First, octopuses don’t live very long; Live Science places the lifespan of the average octopus somewhere between six months and a few years. Additionally, without their impressive cognitive abilities, their lack of any protective covering makes them easy targets for marine apex predators. Furthermore, the reproductive process sucks for both male and female octopuses. Different types of octopuses disperse their sperm via a specialized arm called a hectocotylus. This arm plugs into their mate’s mantle cavity, and in some cases, they end up losing the arm. It’s downhill from there, as the male octopus either expires some time after mating. In rarer cases, it gets strangled and eaten by its mate, Discover Magazine reports. And females don’t have it much easier, as they lay large clusters of eggs and just stop eating entirely. In other words, any octopus offspring that survive are immediately welcomed by the corpses of their dead mothers (via Science Daily).

Horses got seriously screwed over by evolution

You’re probably thinking, “Wait, why horses?” After all, they have a long history of being strong and reliable steeds, whether for travel, athletic, or recreational purposes. Sadly, there’s abundant evidence suggesting that horses got the short end of the evolutionary stick.

To start, horses have highly specialized breathing systems to accommodate their respiratory needs (via The Horse). Unfortunately, this means that horses are obligate nose-breathers, as they can’t use their mouths to take in oxygen. Thus, any obstruction in their nose can easily end them. Furthermore, an overworked horse can suffer from exertional rhabdomyolysis, which can cause muscle pain, muscle necrosis, and eventual kidney damage (via MSD Manual). Horses also don’t have the ability to vomit, and the ability to throw up is crucial for animals to expel ingested poisons from their bodies, per Equus Magazine.

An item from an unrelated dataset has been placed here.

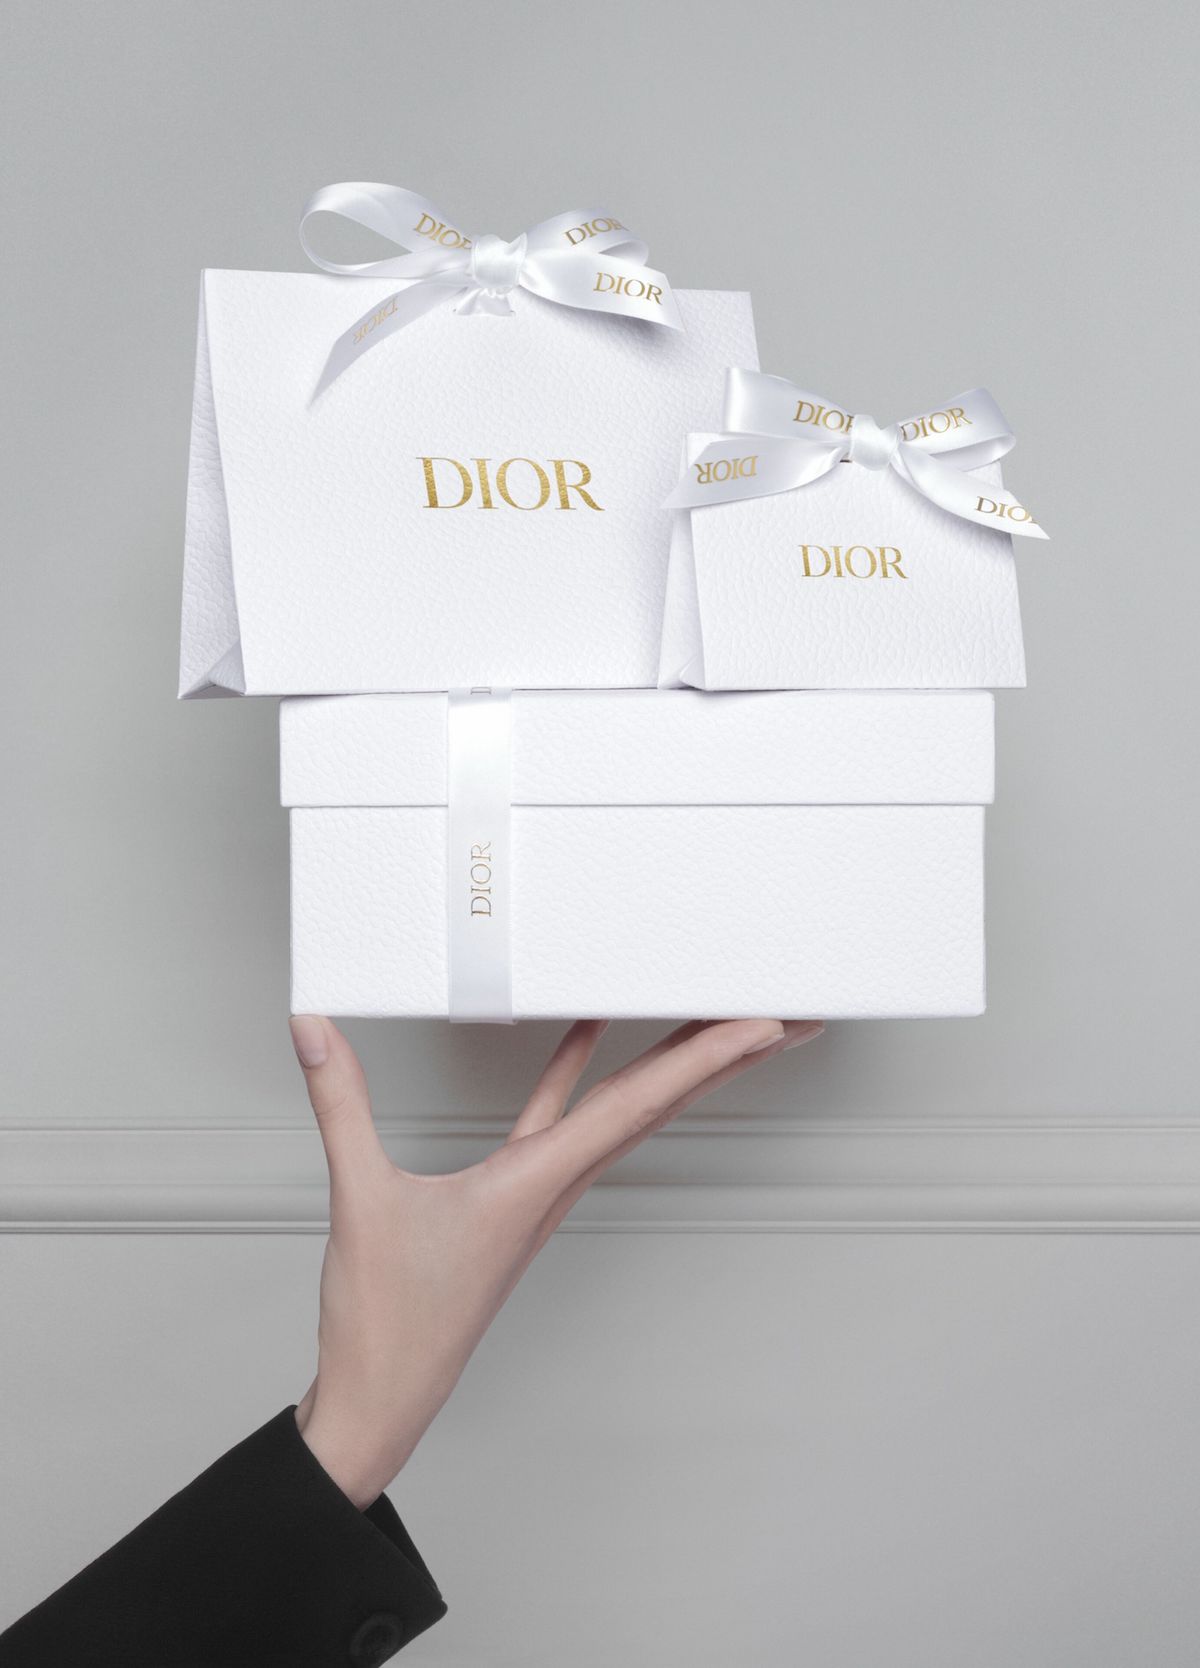 Dior Makeup  Cosmetics  Shop Online  DIOR AU  Dior Online Boutique  Australia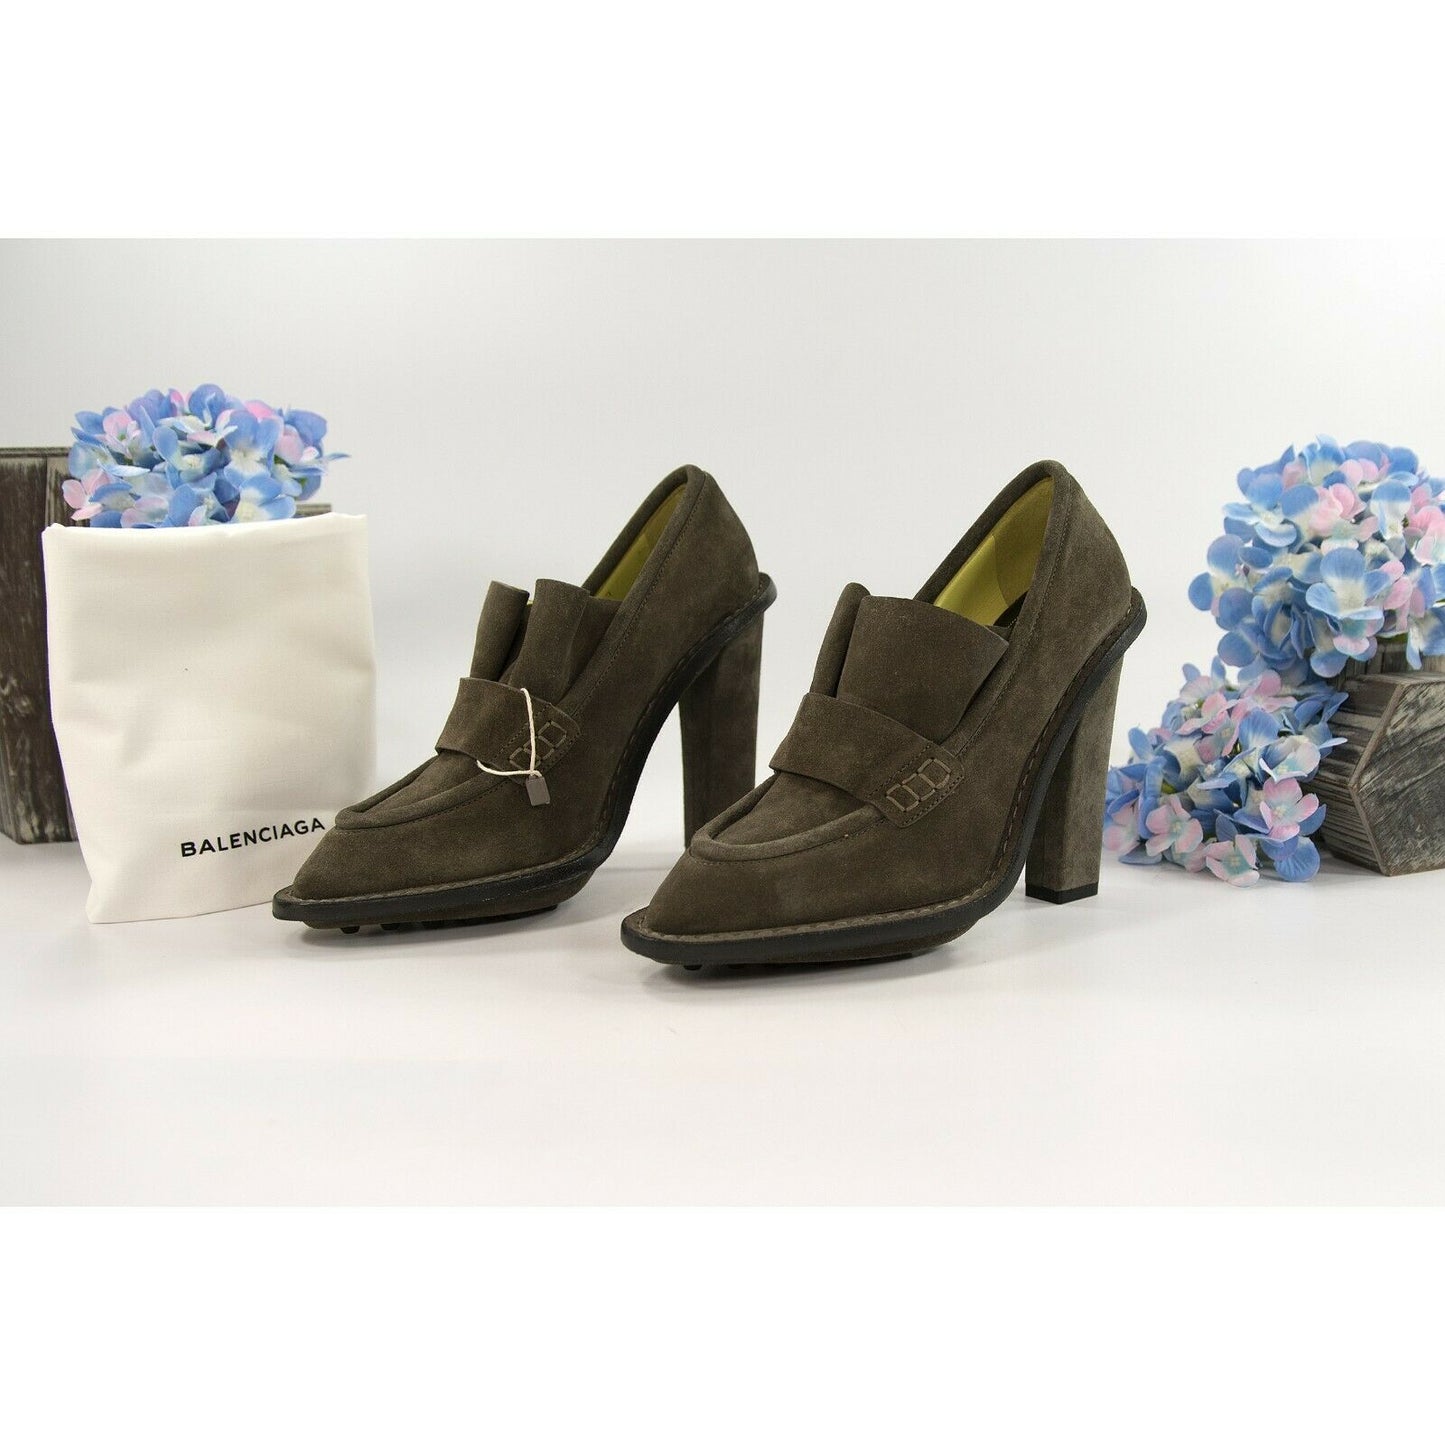 Balenciaga Cendre Suede Moccasin Loafer High Heels Size 37 NIB

Given how a horse can weigh up to 2,000 pounds, a simple leg injury can be lethal. As veterinarian Jenny Hall explained to The Guardian: “[A horse’s leg bones are] very strong … yet they’re light, for them to be able to go fast. So, unfortunately, sometimes, when they break, they just shatter.” And because there’s very little soft tissue around the horse’s leg bone, a fracture almost always punctures the skin, damaging its nerves and blood vessels and causing tissue death. In most cases, horses that suffer from leg injuries have to be put down. Makes you think twice about riding one, no?